Exactly reproduce the lines of the listing below from the one containing "PURITO Comfy Water" through the one containing "Kids Junior Bag Bumped Golf Bags Carts". Skip the images.

[Opening EXERCISE INPUTS section]

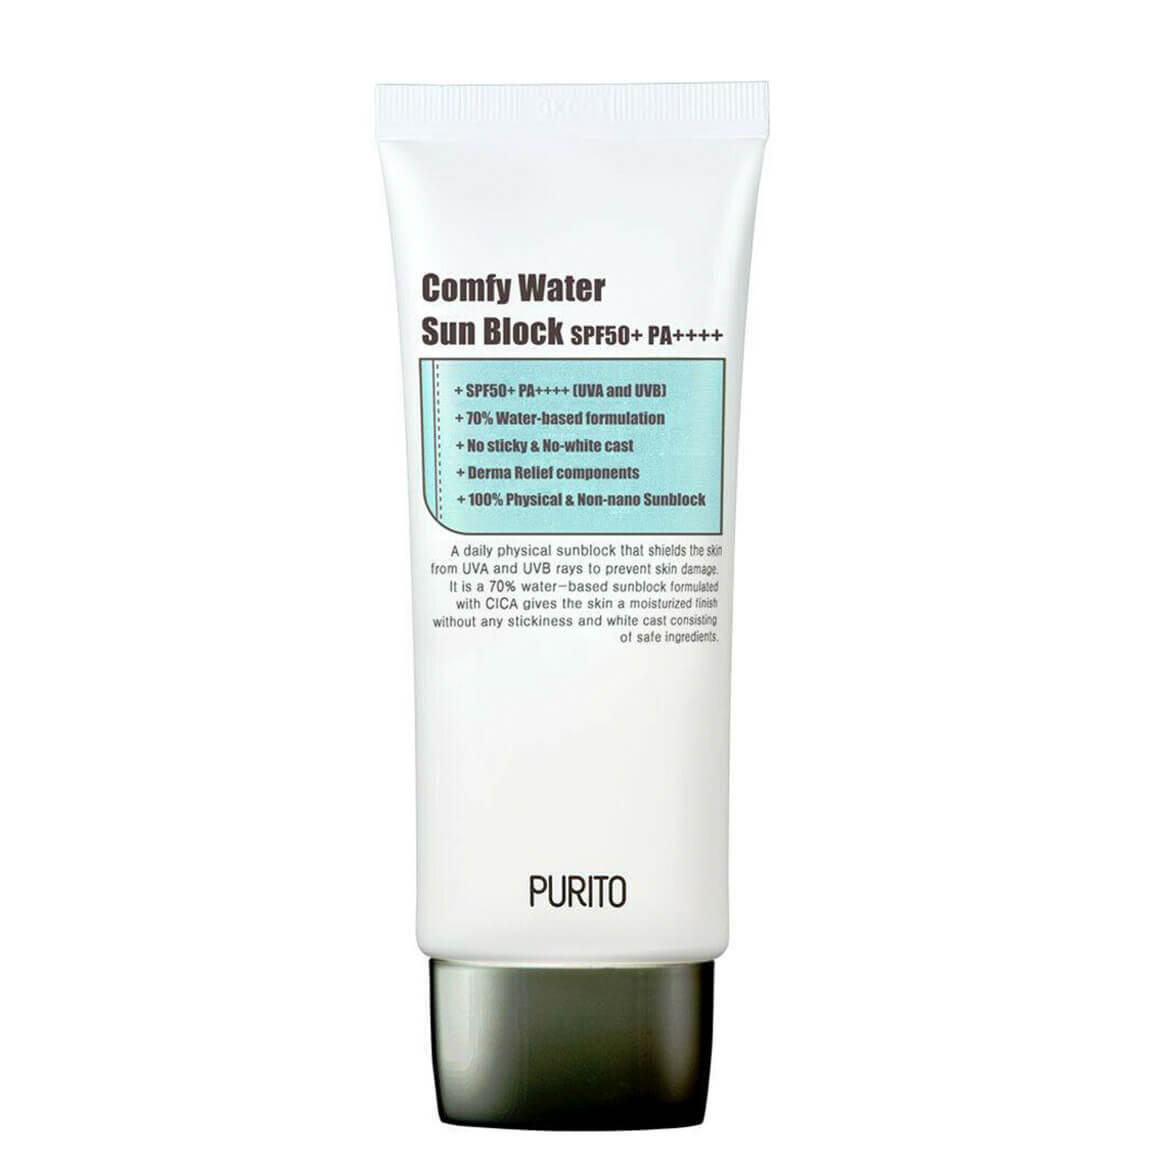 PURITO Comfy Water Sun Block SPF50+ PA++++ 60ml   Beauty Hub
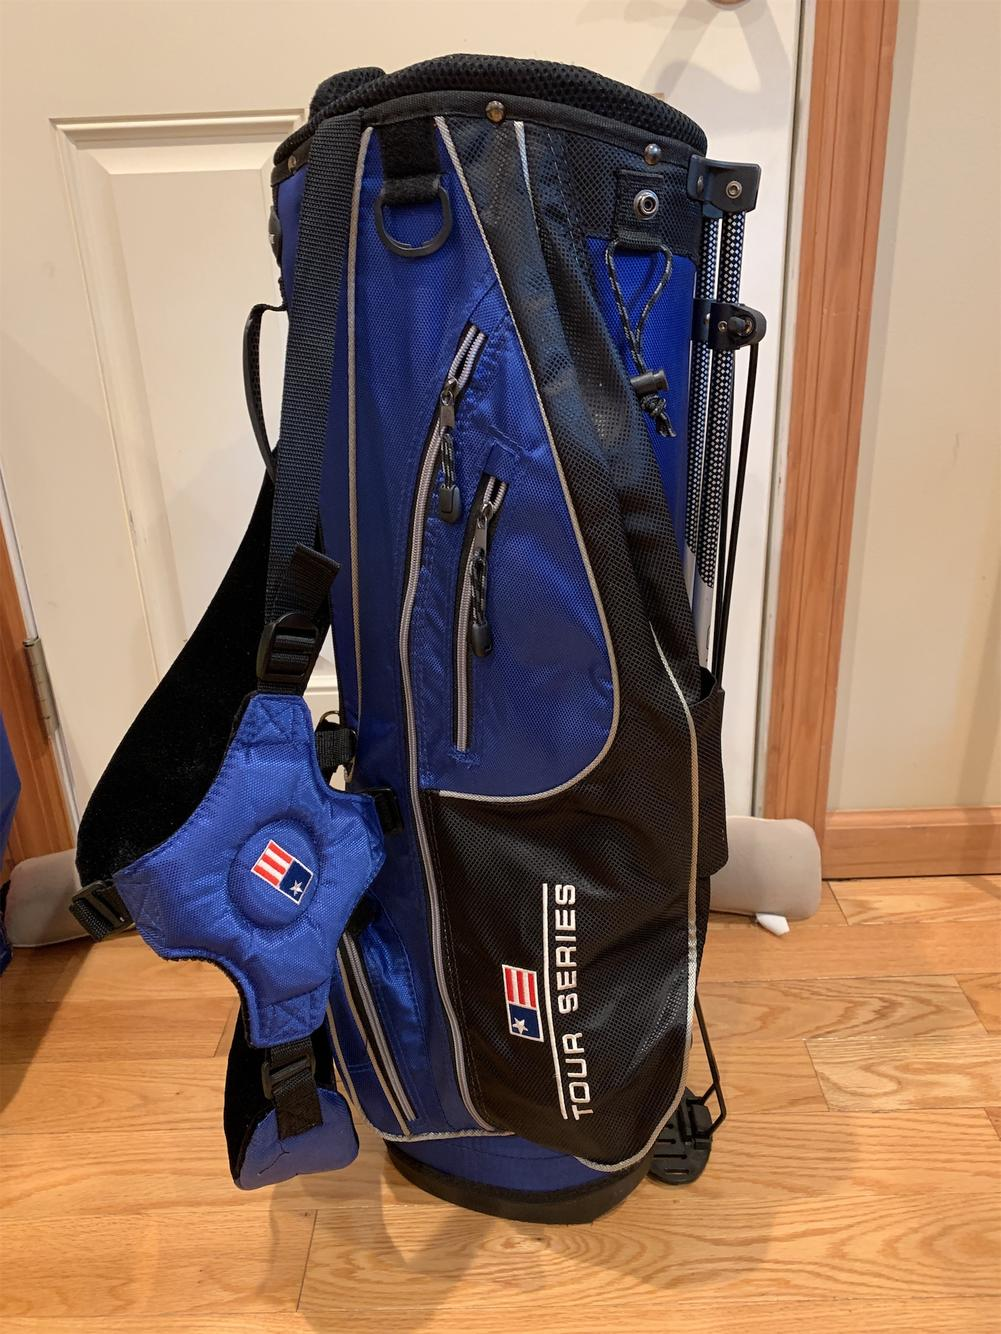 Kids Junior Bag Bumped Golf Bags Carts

[Closing EXERCISE INPUTS section]
[Opening EXERCISE INPUTS section]

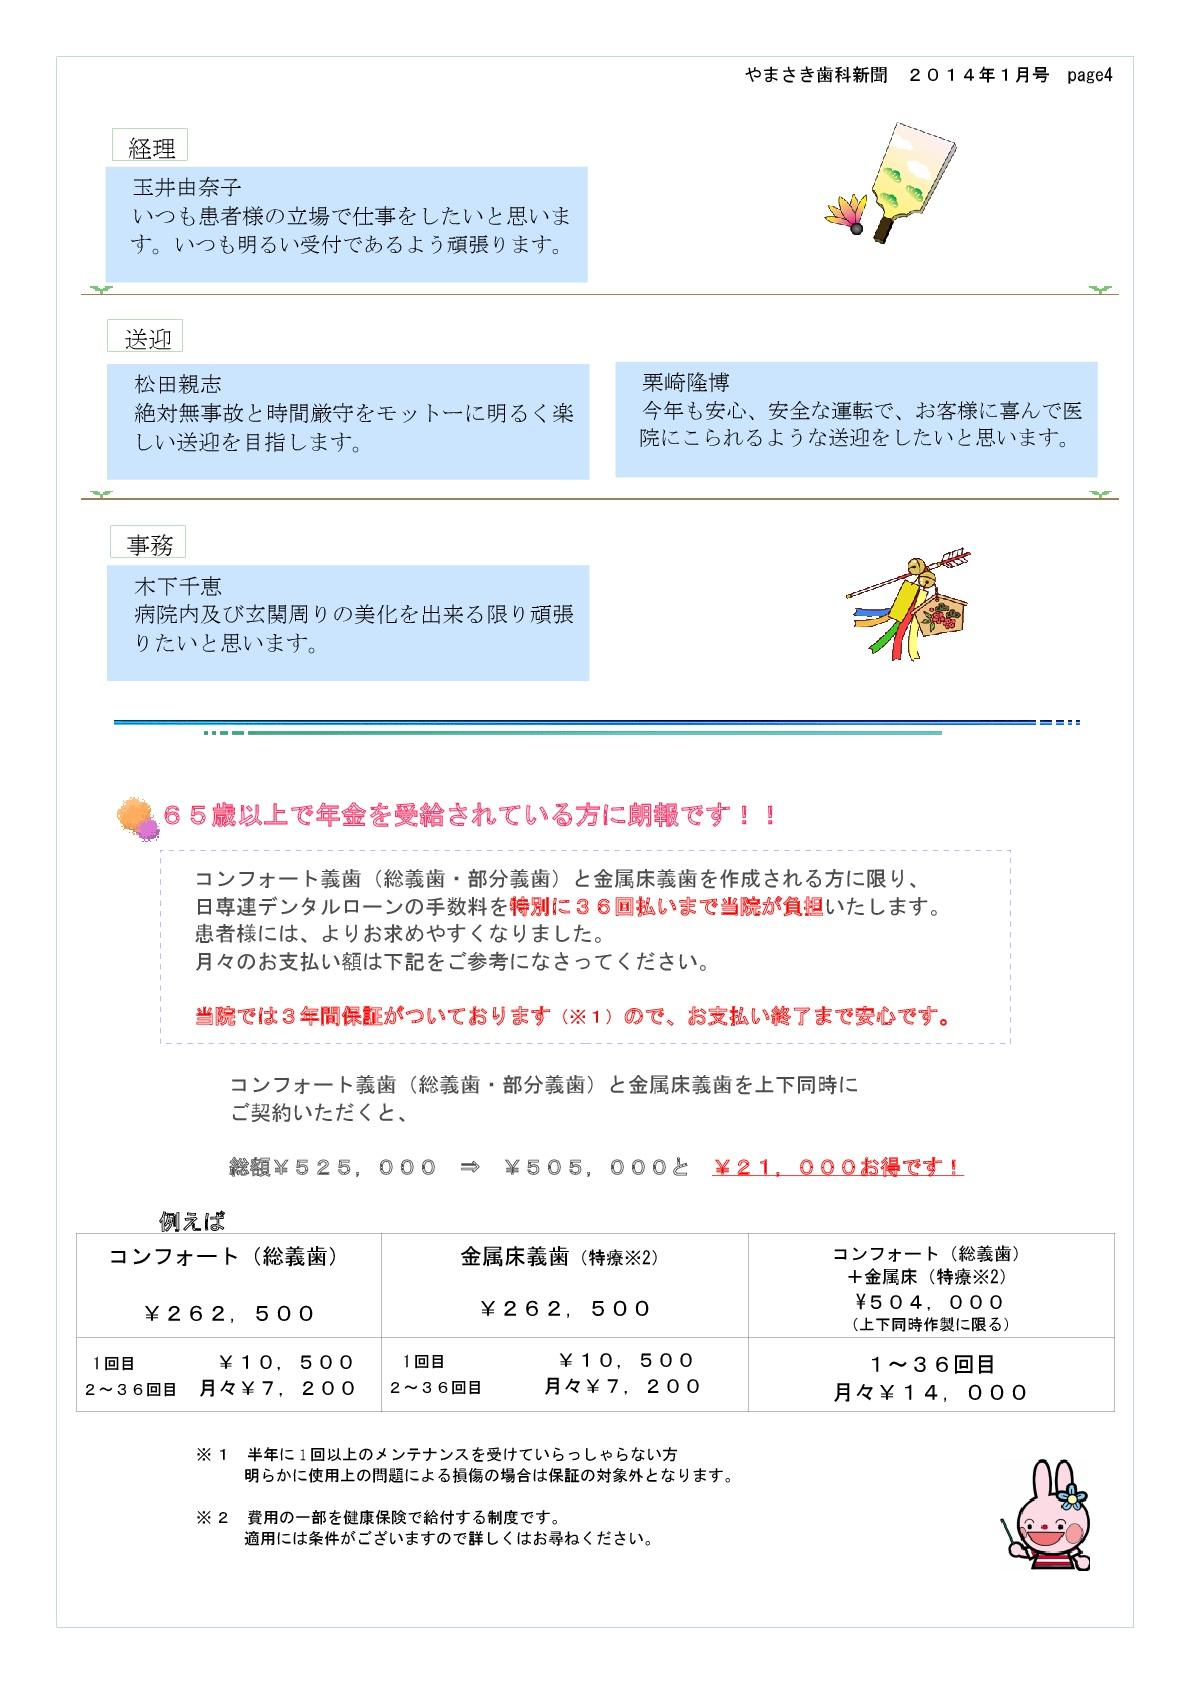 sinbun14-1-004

[Closing EXERCISE INPUTS section]

◆ RESULT OF THIS TASK ◆
 PURITO Comfy Water Sun Block SPF50+ PA++++ 60ml   Beauty Hub
 Kids Junior Bag Bumped Golf Bags Carts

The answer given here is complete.